1 year later: What to say instead of Happy Pride

CW: mentions of SI and ED 

Dear humans, 

It’s June 2024. I want to follow up on an unfinished blog post/open letter to allies that I wrote this time last year. First, I want to acknowledge my joy and my grief and my LIFE. This month I am personally celebrating several things: 

  • 3 years on Hormone Replacement Therapy/”HRT”/Testosterone/”T”/my favorite drug 
  • 3 years escape from my most recent abusive relationship 
  • 3.75 years sober 
  • 3.75 years since my queerness saved me from SI after writing a suicide letter and watching Season 1 of the L Word Generation Q on the same night 
  • 5.5 years out of a divorce 
  • 6 months since I filed bankruptcy 
  • 2 months living alone in my very own (cute! safe!) solo apartment for the first time ever 
  • 6 months into my recovery journey from a lifelong eating disorder that I barely even knew about 
  • 2.5 years in continuous stable housing, thanks in large part to queer sober living programs 
  • 1 school year in the books as a classroom teacher, an incredible honor and privilege 
  • 1.5 years since uncovering, nurturing, and honoring my neurodivergence 
  • 3 years of consistent mental healthcare from the SAME providers at the same location, after years of navigating the stress of ever-changing providers, no access to health insurance, advocating for free services, pinching pennies for sliding scales, moving across state lines, and being on and off medications 
  • I could go on… 

I list these things to provide context and perspective, as a reminder that I am one person speaking from one experience (I do not intend to represent or speak for the entire queer community in this piece). I also list these things for myself. My life is full of beauty and awe and privilege today. Sometimes I forget how hard it has been to get here. I am reminded to acknowledge all of this, to myself and in my creative process, during Pride Month. 

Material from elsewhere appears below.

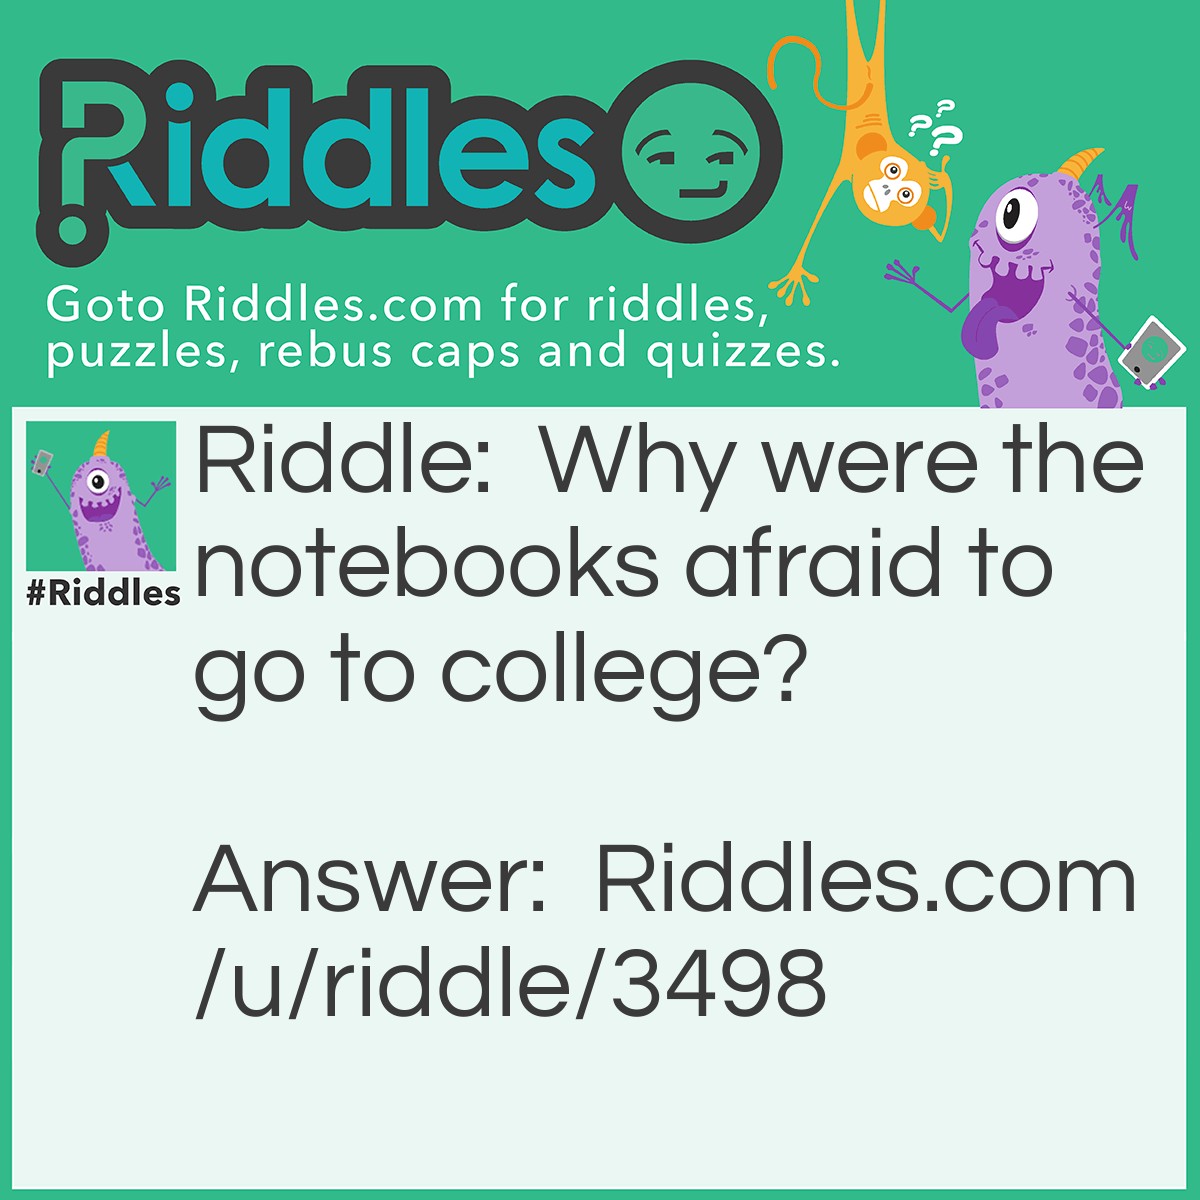 Riddle: Why were the notebooks afraid to go to college? Answer: Because the College ruled notebooks!

Last year, I wrote a blog post as an open letter, titled “What to Say Instead of Happy Pride.” At that time, I didn’t have an answer to share, and I didn’t have the energy to dig for one yet. Today, I have some ideas, informed by activists and mentors and voices of the oppressed. 

What to do and what to say instead of Happy Pride (feel free to add more ideas in the comments): 

SAY: “I believe you.” 
DO: Listen to our needs. Affirm correct pronouns. Celebrate chosen names. Correct others. 

SAY: “I support you.” 
DO: Support and follow queer artists. Listen to our music. Buy our art. Read our writings. Attend our performances. Share our heart’s work. Lift our voices. 

SAY: “I love you.” 
DO: Be with us. Say hi. Check in. Spend time. Take care. Create memories. Share space. Give space. Practice healthy boundaries. 

SAY: “I respect you.” 
DO: Get involved in trans activism and anti-racism work. Share resources. Pay reparations, if applicable. Exchange mutual aid. You can start local. Start with your workplace, your school, your family, your community, your neighborhood, your city, or your state. Start with an org. Start with a friend’s suggestion. Start somewhere. We need to stop killing trans kids. We need to protect Black Trans Women. None of us are free until all of us are free. 

DO: Start somewhere to end genocide. These are some questions I am reflecting on to educate myself and know myself, as a white person far away from the horrendous realities of genocide: Who am I listening to? Who am I learning from? What are my natural strengths and gifts, and where are my connections? How can I offer one action at a time? How can I rest, so I can get back up? How can I sustain the life I have, so I can sustain the lives of others? How can I liberate myself to liberate the collective? How can I start locally? (This list is imperfect and incomplete and in process.)

In summary, I am not going to beg you to believe us, to support us, to love us, to respect us (us meaning queer humans, and meaning all humans). I am going to ask you to consider why you don’t. I want to encourage you to seek support in believing, supporting, loving, and respecting yourself. And I want to thank the people in my life who believe, support, love, and respect me. 

Please take care of you, so we can take care of all of us

In love and solidarity, 
Parker (he/they) 

PS - If you are queer, or you wonder if you are queer, here are some gentle reminders: Being an alive queer person is radical. Rest is radical. You are not alone. The light in your eyes and the breath in your chest is enough. I believe you. I support you. I love you. I respect you. 

PPS - These are a few things that help me care for myself at this moment in time: Writing. Creating. Singing. Going outside. Showing up for my mental health. Connecting with chosen family. Saying no. Saying yes when my body signals a clear yes. Listening to music. Making music. Resting to avoid burnout. Speaking freely. Dancing. Moving. Stretching. Cartwheels. Performing drag. Showing up for my friends when I can. Self-dates. Ice cream. Mutual aid.